Cavaletti (also spelled cavalletti, singular (rarely used in English) cavaletto) (Italian: "little horse") are small jumps, originally made of wood, used for basic horse training. Most consist of rails that are about 4 in wide, and 10 ft long. The rails are inserted into fixed standards, usually made in an "X" shape, that are commonly designed to be placed at one of three preset heights ranging from a few inches off the ground to a maximum of about 18 to 24 in. However, in informal terminology, even ground rails without standards are sometimes called "cavaletti". Modern designs can be made from various types of molded plastic and PVC pipe as well as wood. They can be used both for ground training with the handler working a horse on a longe line or at liberty, or while a rider is mounted on the horse. Cavaletti are used by practitioners of both English riding and western riding. Similar obstacles of lighter weight materials are used with dogs in dog agility and canine physical therapy.

Cavaletti were invented by Federico Caprilli and designed to help a horse improve its balance, adjust its length of stride, and to loosen and strengthen its muscles. They are often used in sets of at least four to six placed in a row, but can be configured in nearly unlimited ways. Used at their lowest placement as ground rails or at a level no more than about 12 in high, they can be set to encourage a proper length of stride. By being set closer or further apart than a horse's natural stride, they encourage lengthening or shortening of the stride. Used as a "gymnastic" in conjunction with other horse jumping obstacles in a training ring, they help teach the horse how to approach a fence at the proper speed and length of stride. Set at higher settings, they become small jumps to introduce young horses or beginning riders to jumping. Some designs can safely be stacked, allowing fences up to about 2.5 ft.
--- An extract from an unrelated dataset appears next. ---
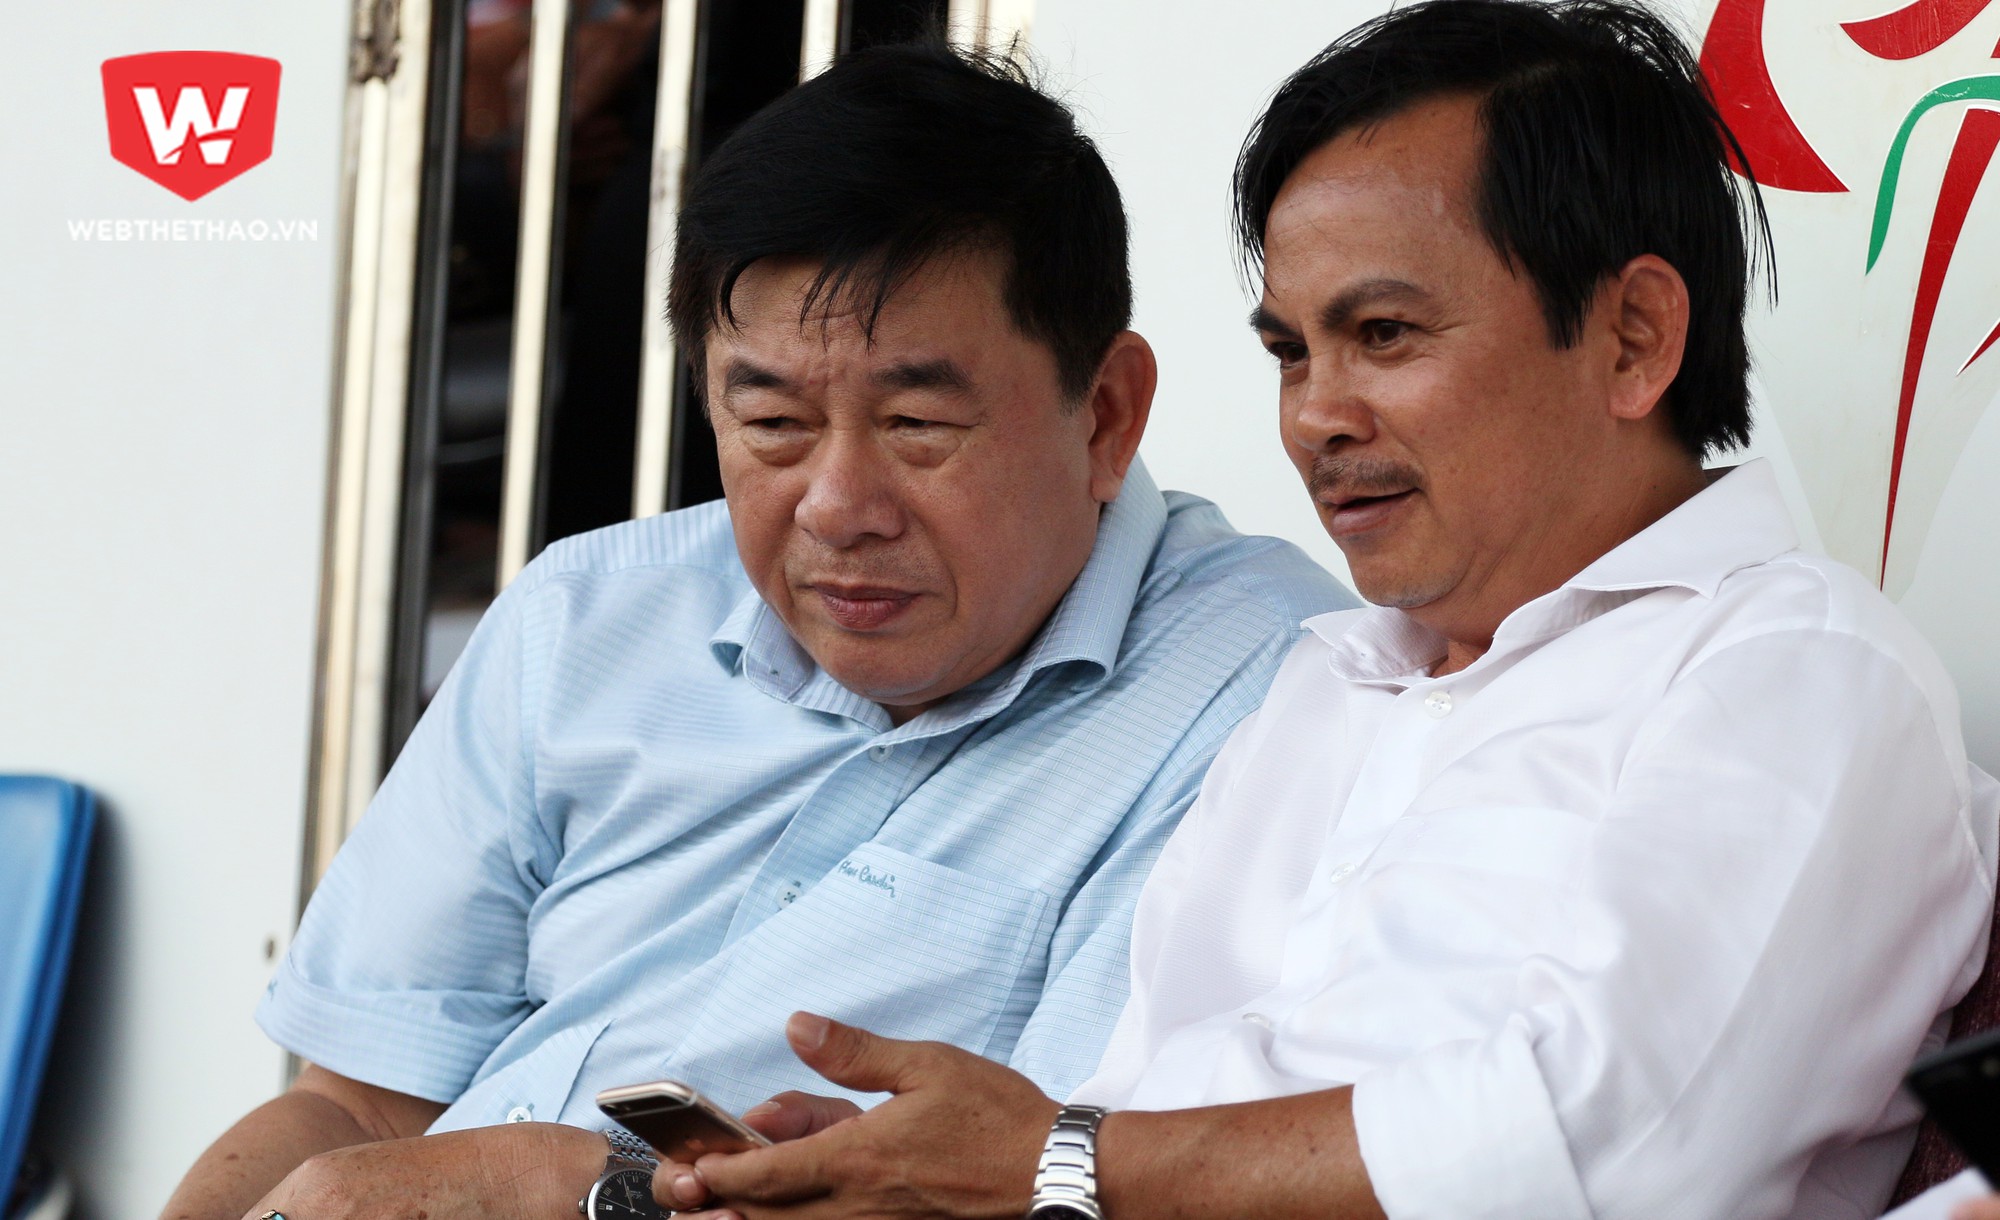 Nguyên chủ tịch Võ Thành Nhiệm cho rằng án phạt của 2 cầu thủ là quá nặng. Ảnh: Văn Nhân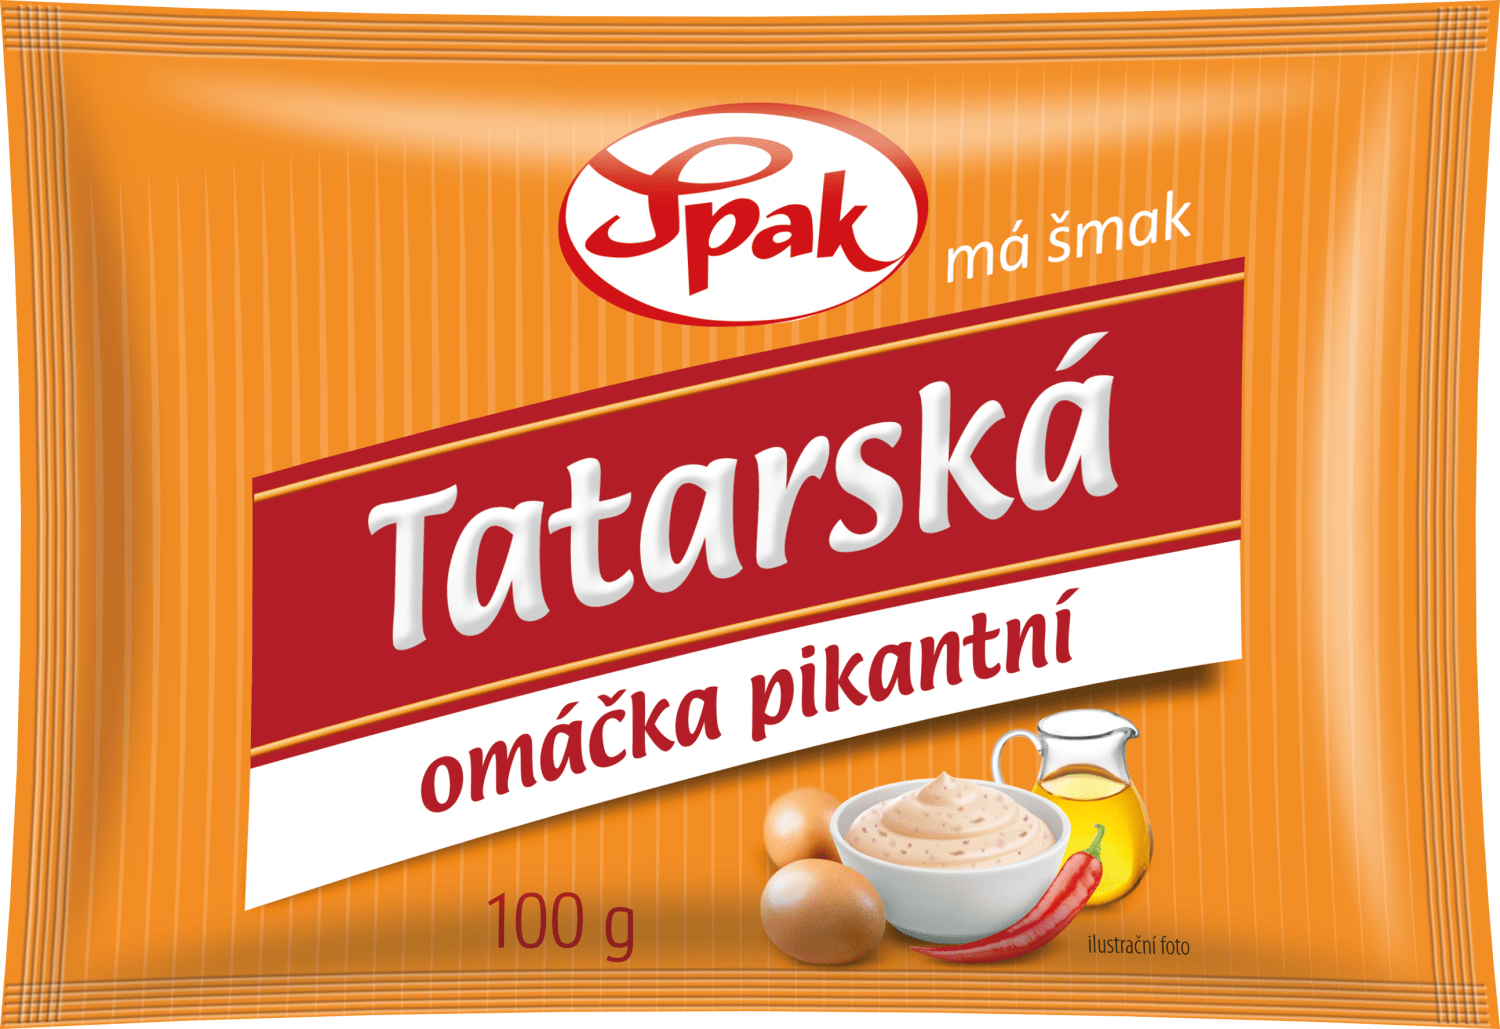 Tatarska-omacka-pikantni-SPAK-100ml-20211111

Spaced as ground rails between 3 and 3.5 ft apart, cavaletti encourage a horse to maintain a shorter stride at a trot or jog. Spaced further apart, a row of cavaletti encourage a longer, more extended trot stride. Beginning at approximately 6 to 7 ft apart, they encourage a slow canter or lope and spaced at intervals of 9 to 12 ft, depending on the size and stride of the individual horse, they help regulate a horse's proper pace as it approaches or departs from a jumping obstacle.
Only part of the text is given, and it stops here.